A sole proprietorship is the simplest form of business to launch. A sole proprietorship can operate under the name of its owner or it can do business under a fictitious name (commonly referred to as a “DBA” or “doing business as”). There are no formal requirements to establish this business structure. Thus, it is not necessary to file any documents with the state or the IRS. Although, some states require that you register the fictitious name with the secretary of state’s office. This particular business structure is only available to married couples or individuals. There are no partners, shares, or membership interests in a sole proprietorship, which generally makes it difficult to attract investors without first changing the business structure. The biggest disadvantage of sole proprietorships is that the owners are not legally separate from the business. Therefore, the proprietor is personally liable for all debts and obligations of the business. If the business is sued, personal assets such as your savings, house, car, etc. are at placed risk.


Tax Treatment


A sole proprietor is required to report all business income and losses on their personal income tax returns; the business entity is not taxed separately. This tax treatment is commonly referred to as "pass-through" taxation, because business profits pass through the business (avoiding corporate taxation) and are taxed on the business owner’s personal tax returns.

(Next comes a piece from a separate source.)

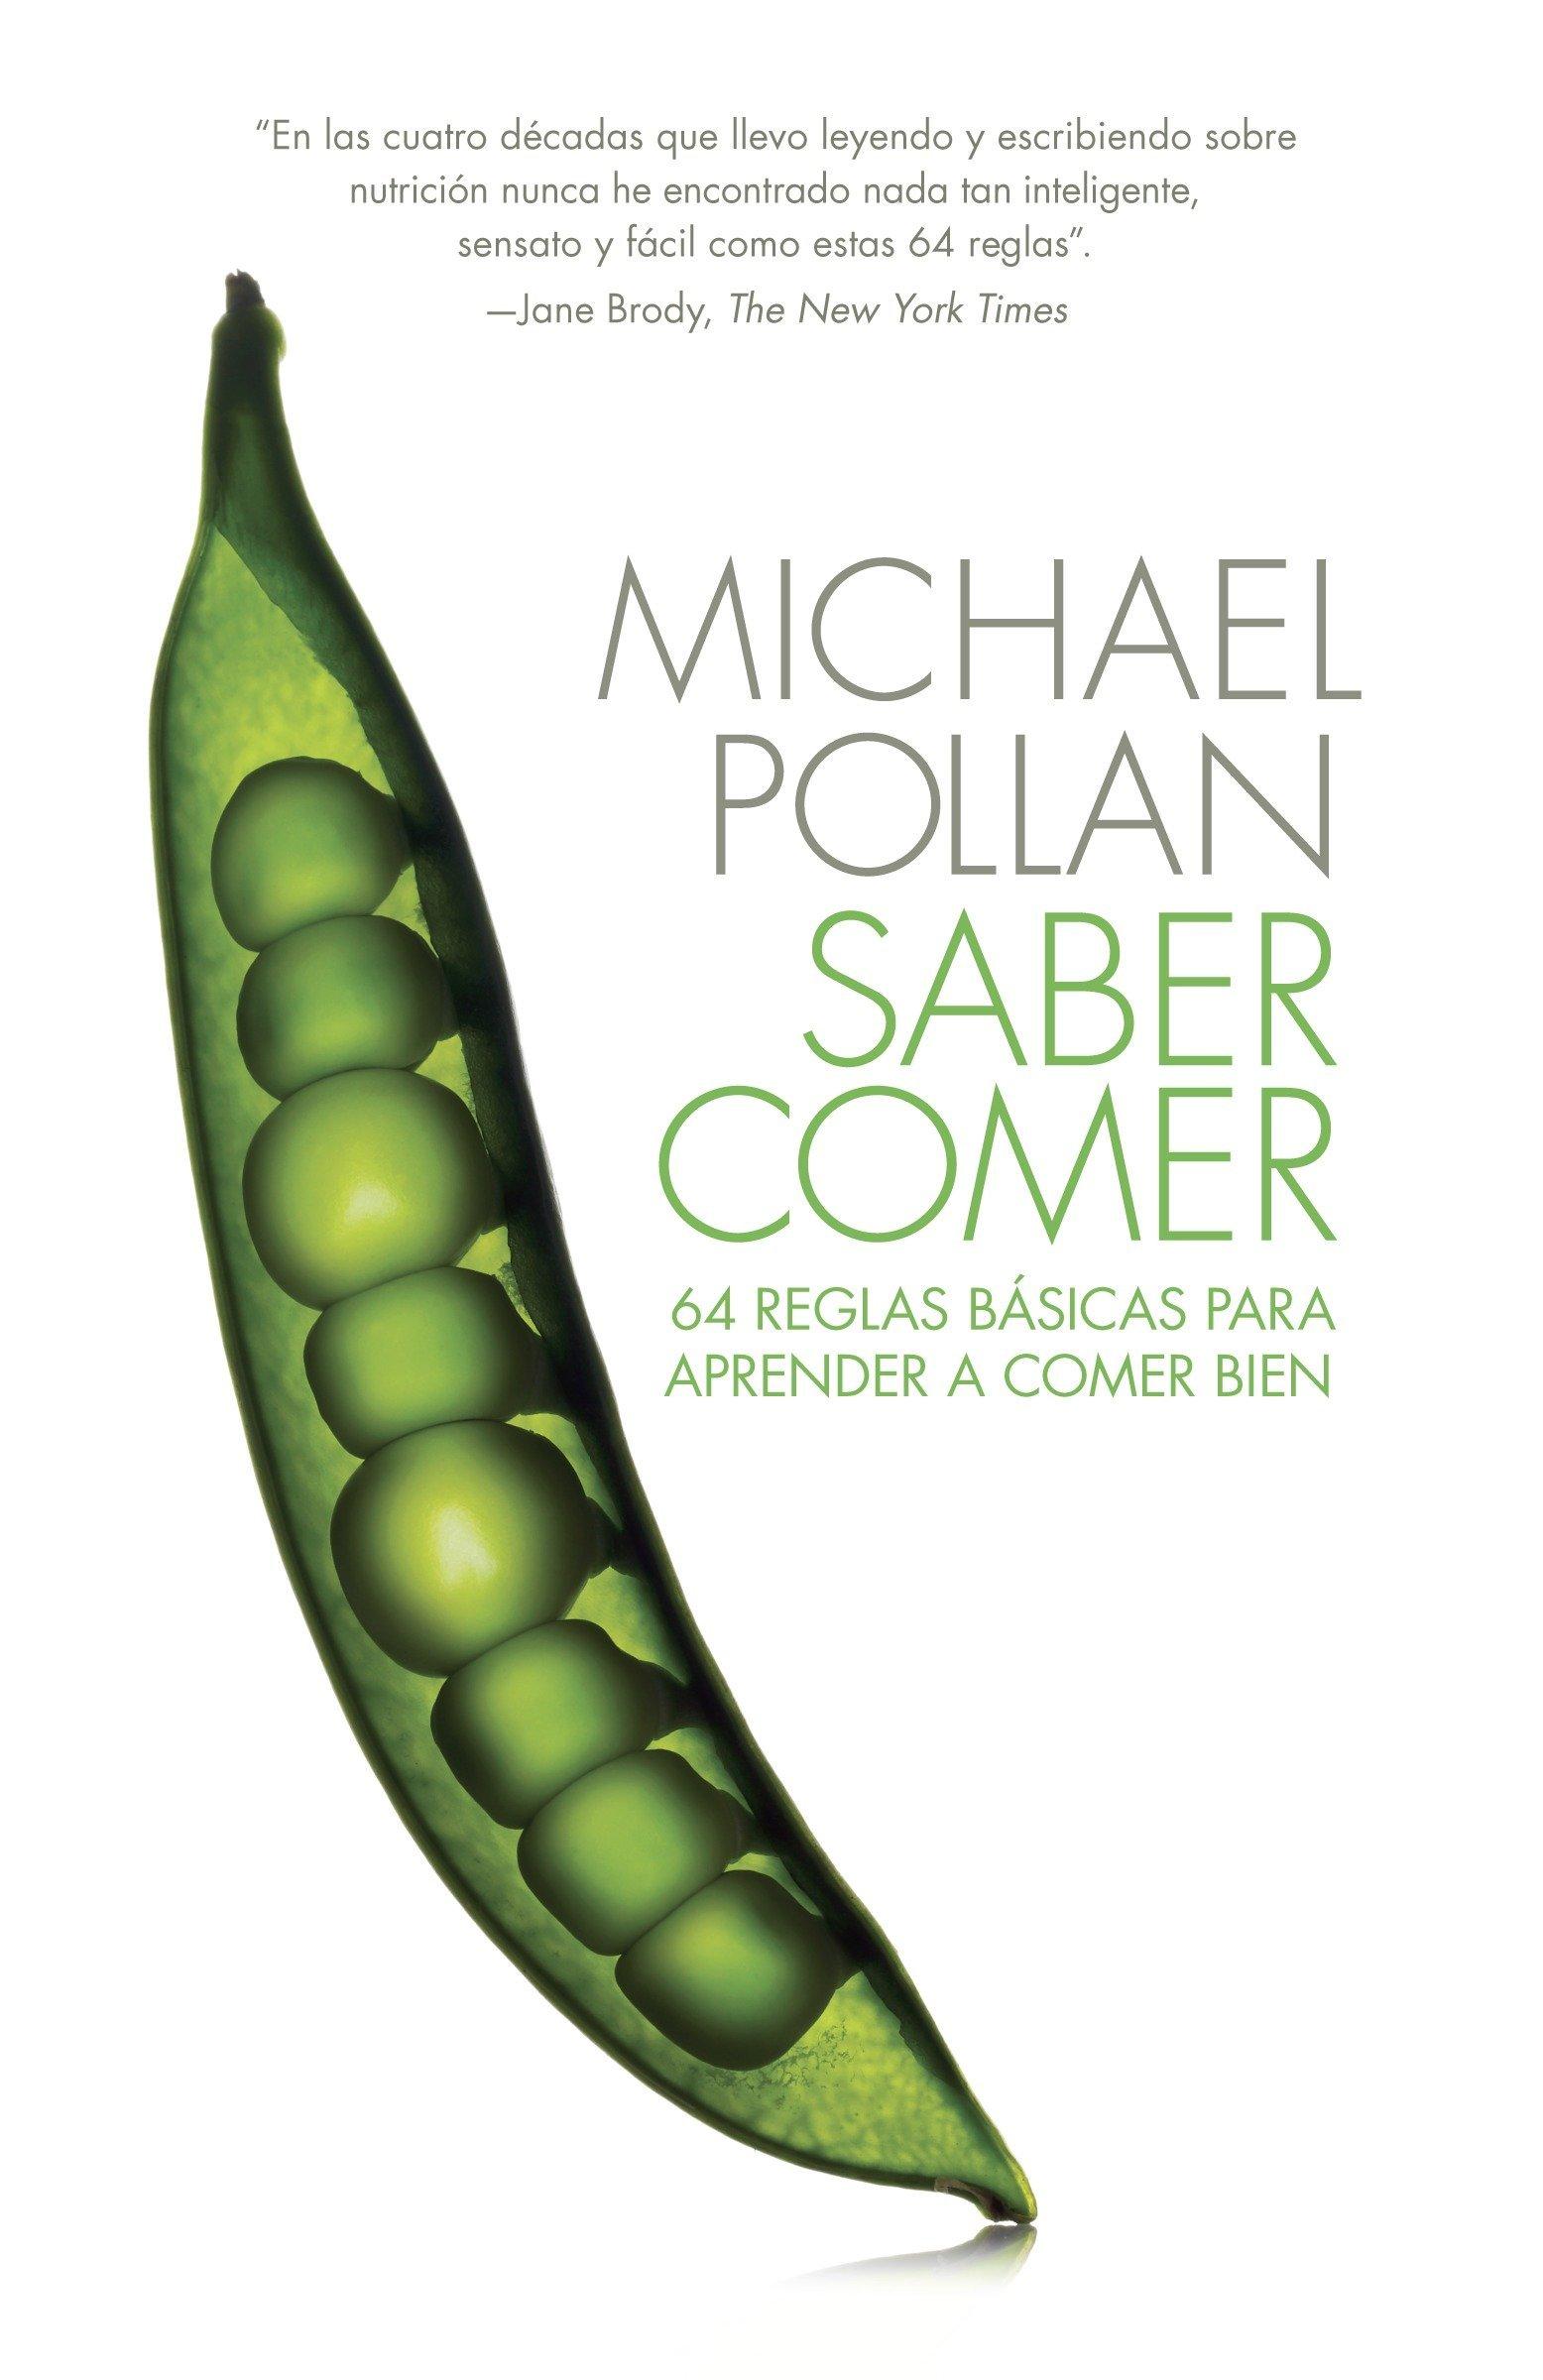 Saber comer: 64 reglas basicas para aprender a comer bien (Spanish Edition) PDF

A sole proprietor does not have an employer to withhold income taxes from their paycheck. The proprietor must estimate how much tax will be owed at the end of each year and make quarterly estimated income tax payments to the IRS, and if required, to their state tax agency.


SOLE PROPRIETORSHIP AT A GLANCE


PARTNERSHIP


General Partnership (GP)


A general partnership is an unincorporated business owned and run by two or more people. General partners typically share in the day-to-day management of the business as well as the business’s profits and losses. Like sole proprietorships, a general partnership does not provide limited liability for the partners. Therefore, the partners are subject to unlimited personal liability for the debts and obligations of the business. In addition, each partner is responsible for the other partner’s liabilities, negligence, and misconduct.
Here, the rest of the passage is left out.